▶ _Directions for this task_: Reproduce exactly the lines from the one containing "Student demonstration against" through the end of the listing, minus the pictures.

▶ _Dataset extract_:
========================================

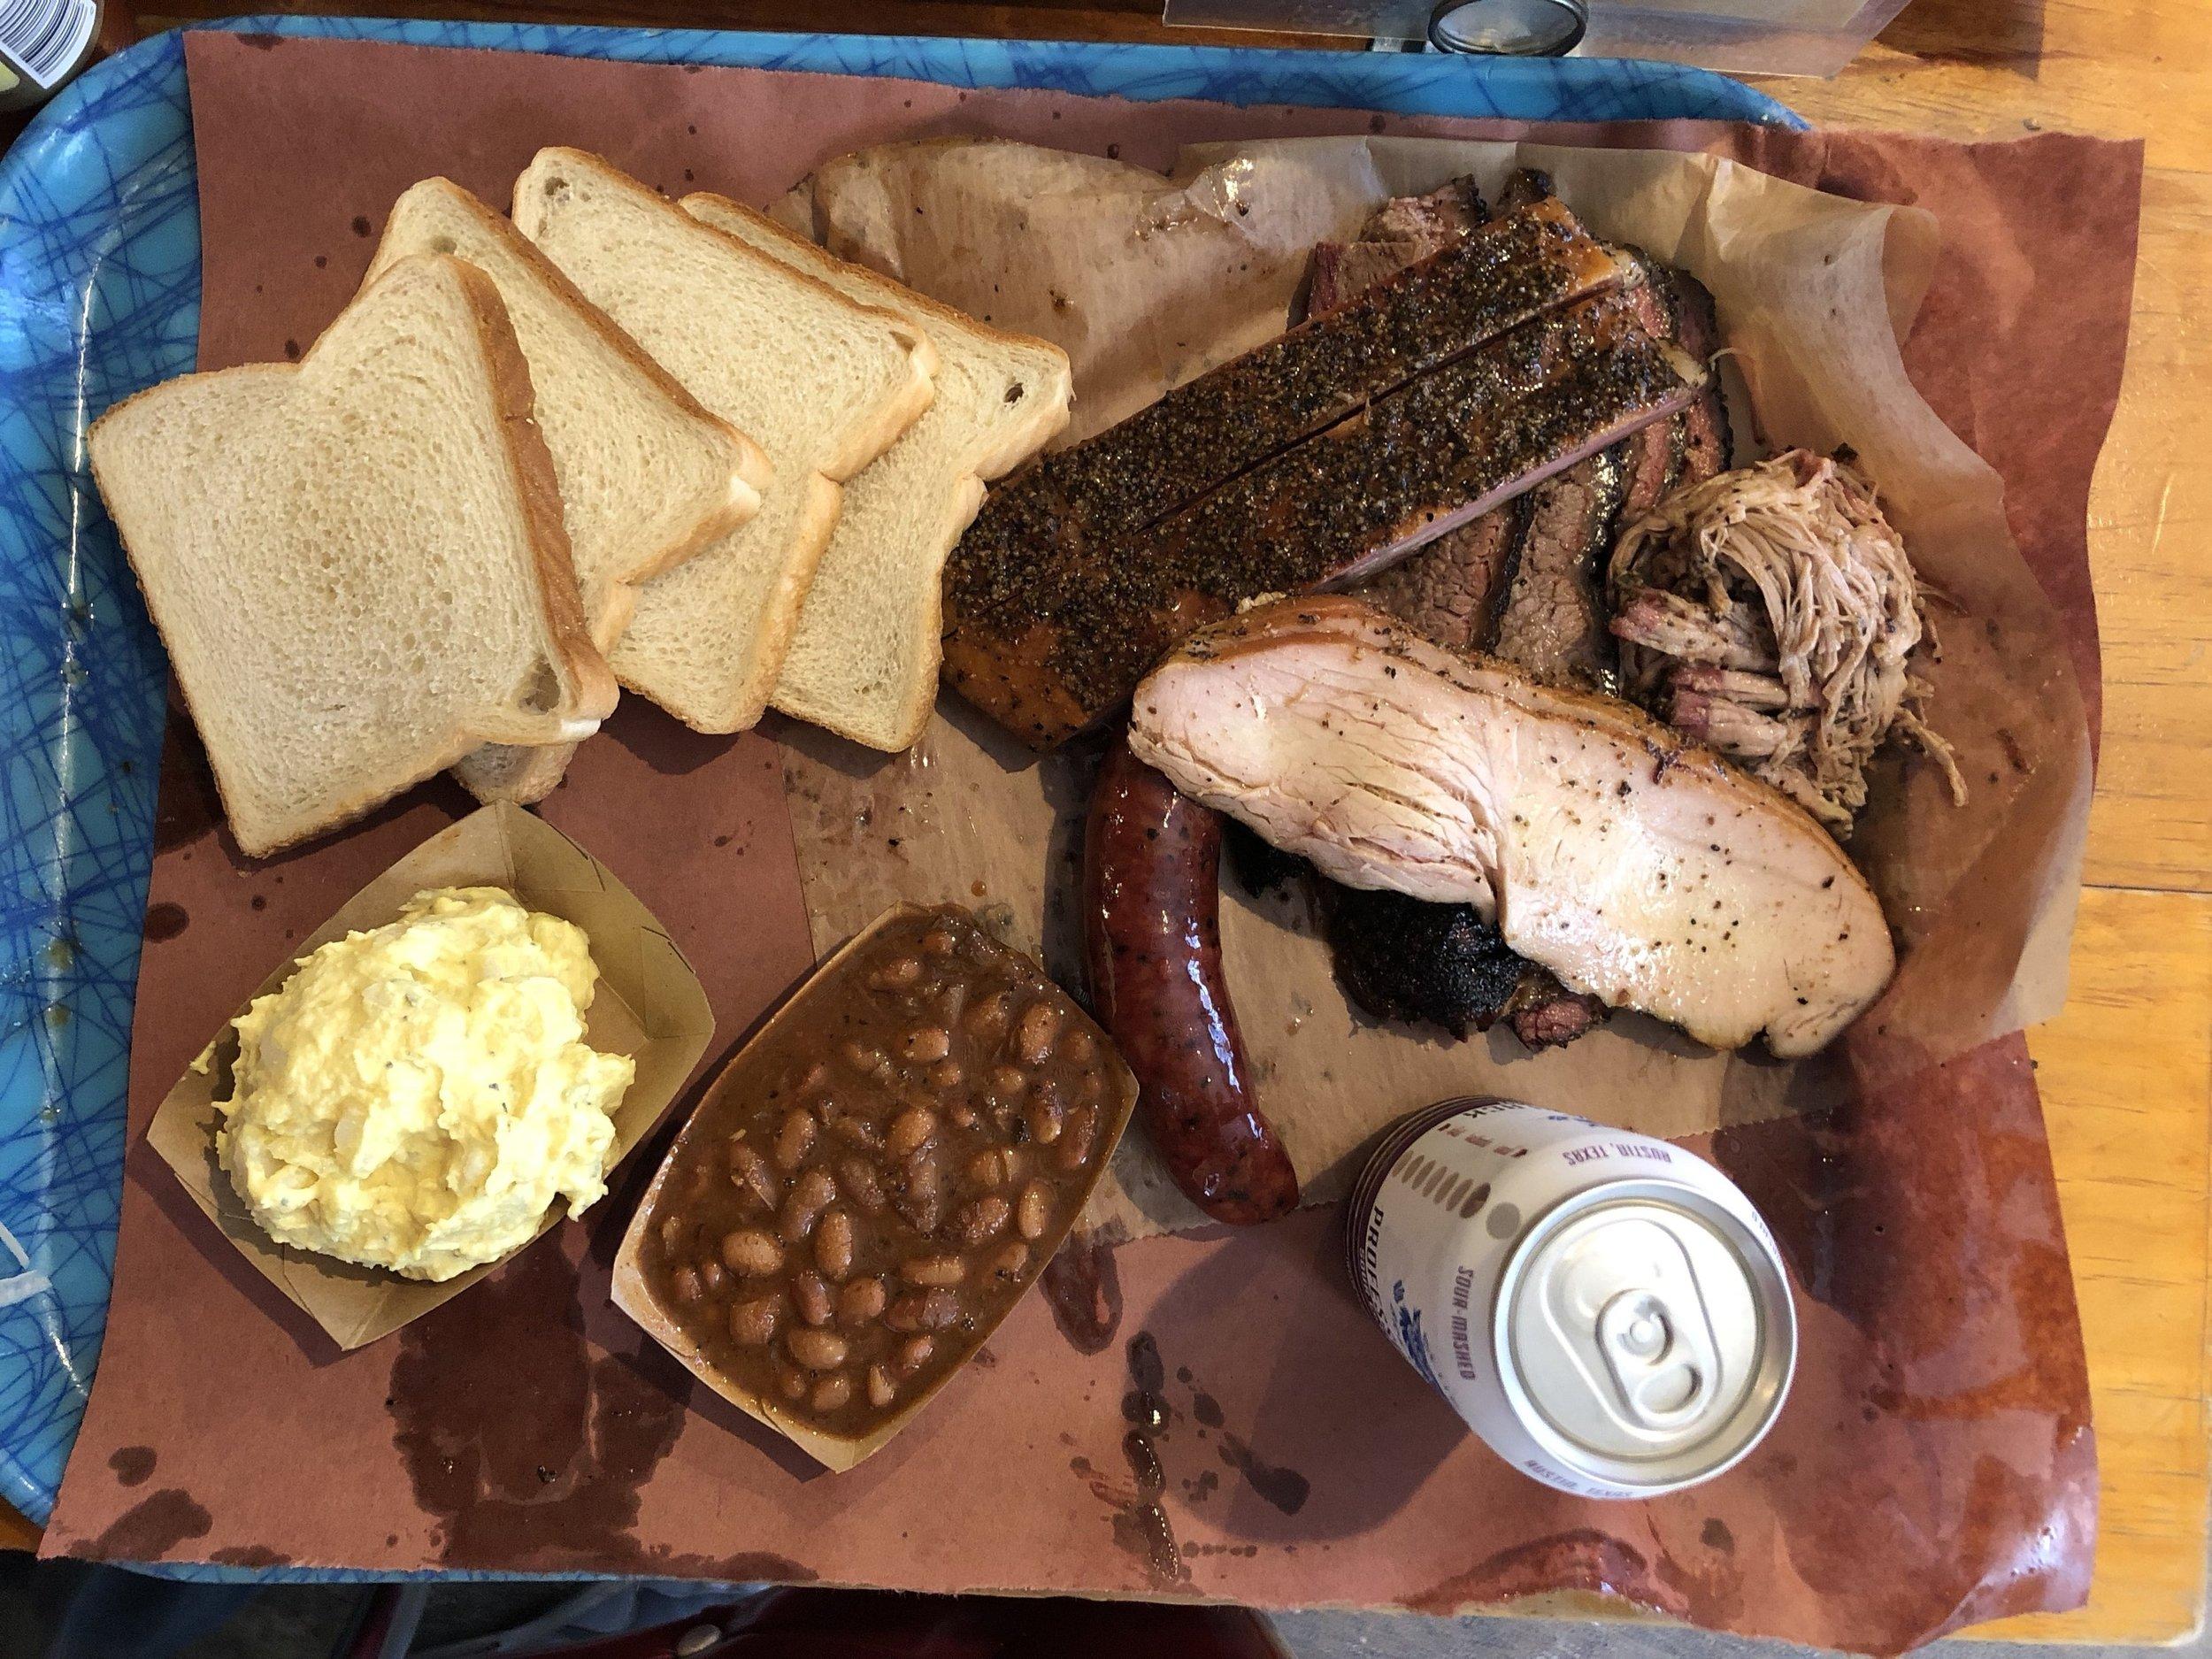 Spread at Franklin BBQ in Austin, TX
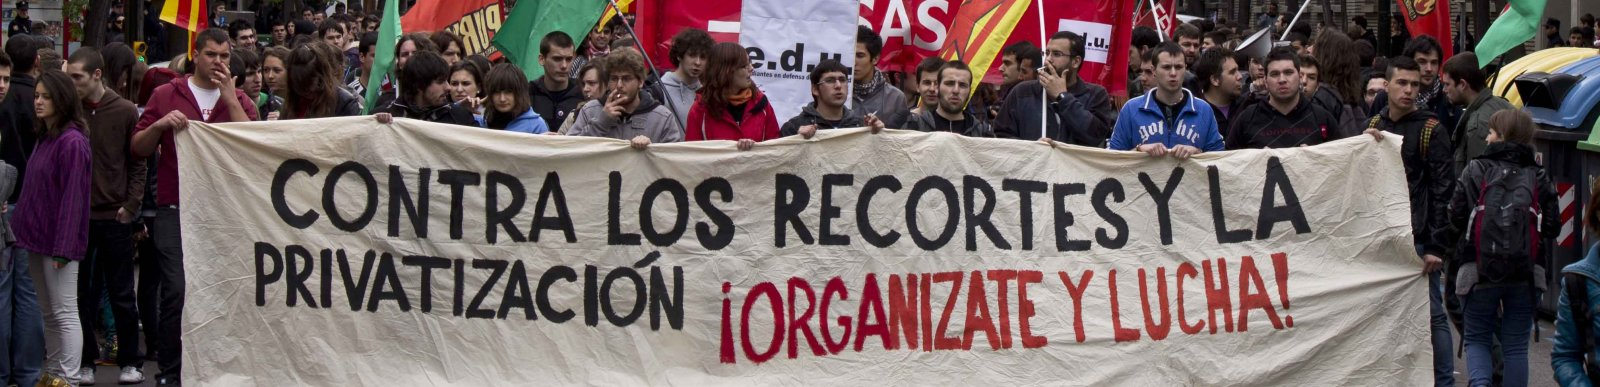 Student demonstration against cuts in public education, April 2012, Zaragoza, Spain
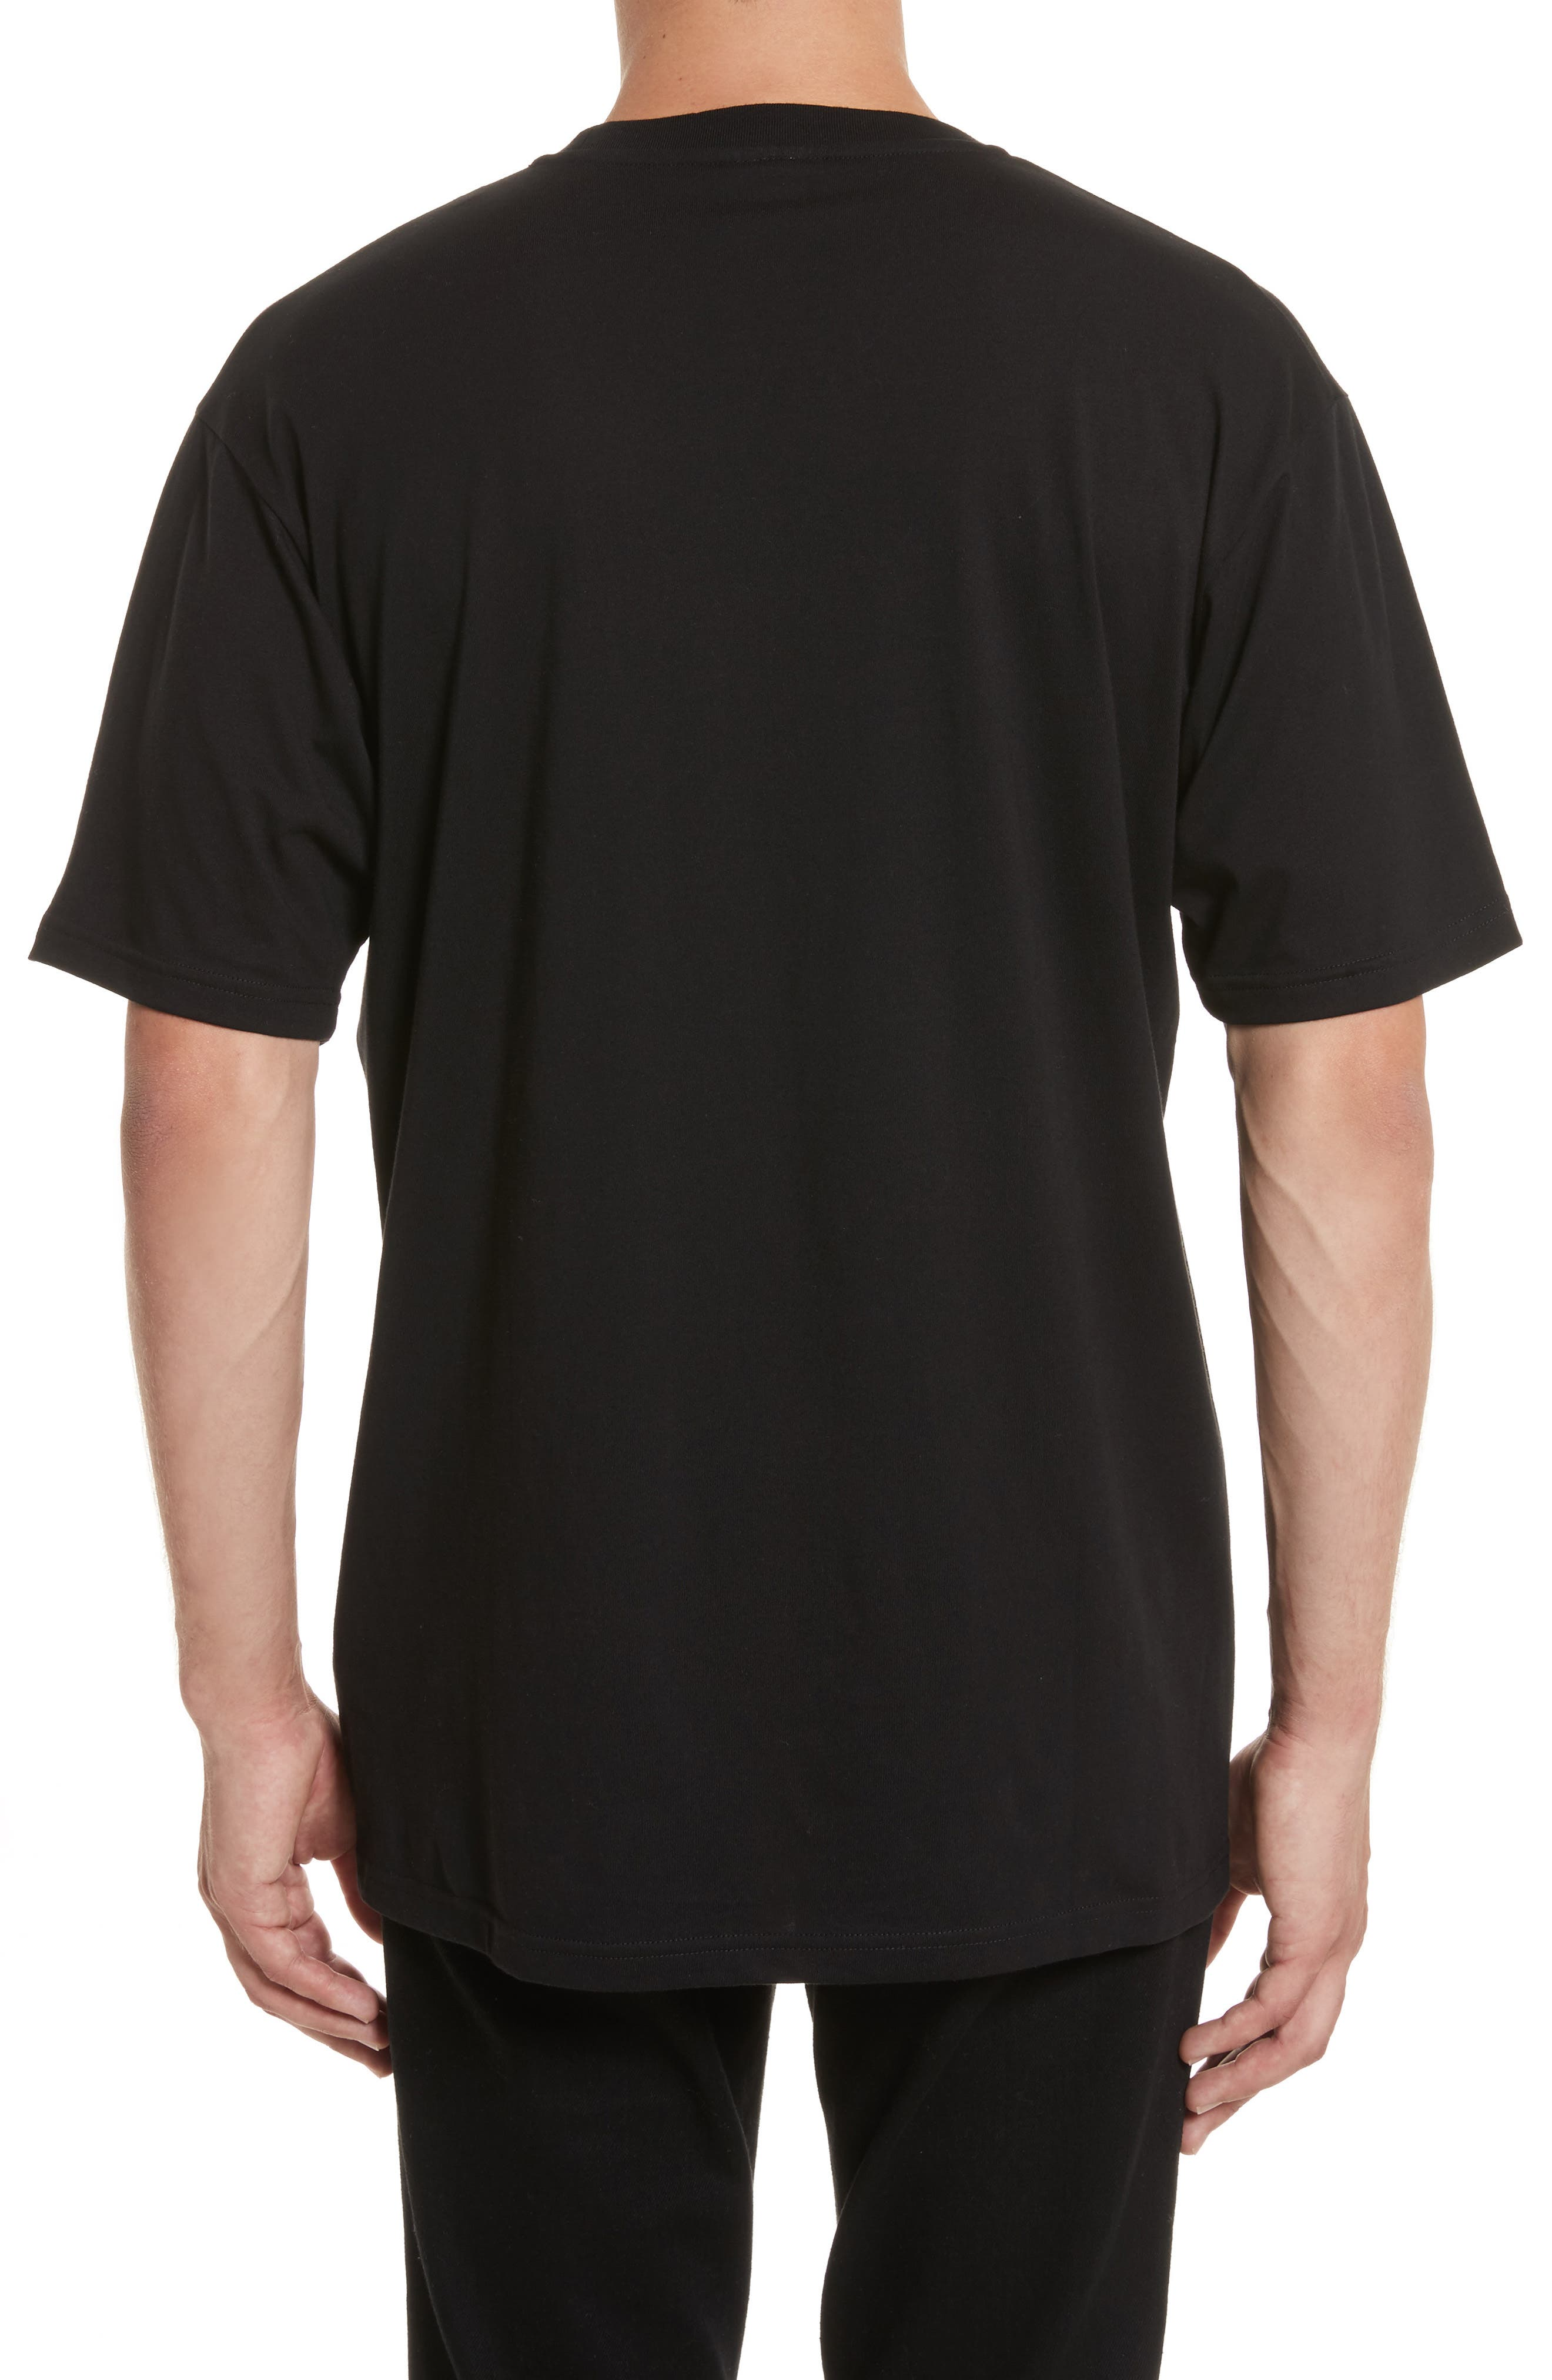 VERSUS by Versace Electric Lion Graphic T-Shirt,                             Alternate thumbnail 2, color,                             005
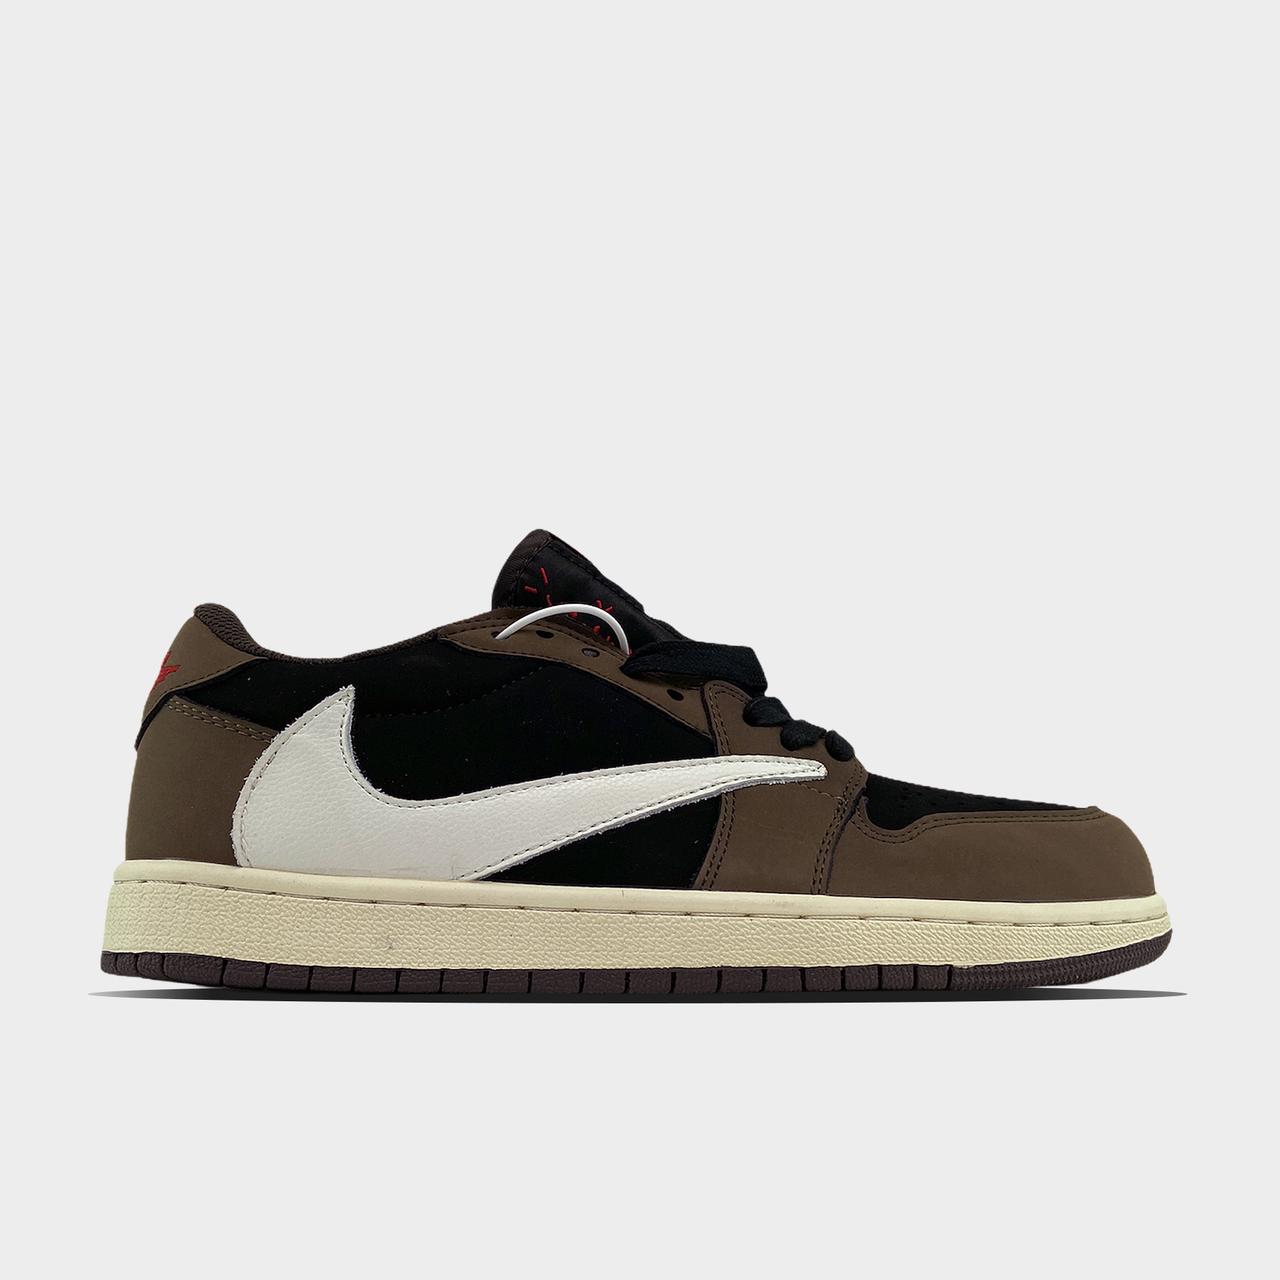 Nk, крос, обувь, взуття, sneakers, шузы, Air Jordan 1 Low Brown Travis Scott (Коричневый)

========================================

▶ _Response below_:
 Student demonstration against cuts in public education, April 2012, Zaragoza, Spain
 VERSUS by Versace Electric Lion Graphic T-Shirt,                             Alternate thumbnail 2, color,                             005
 Nk, крос, обувь, взуття, sneakers, шузы, Air Jordan 1 Low Brown Travis Scott (Коричневый)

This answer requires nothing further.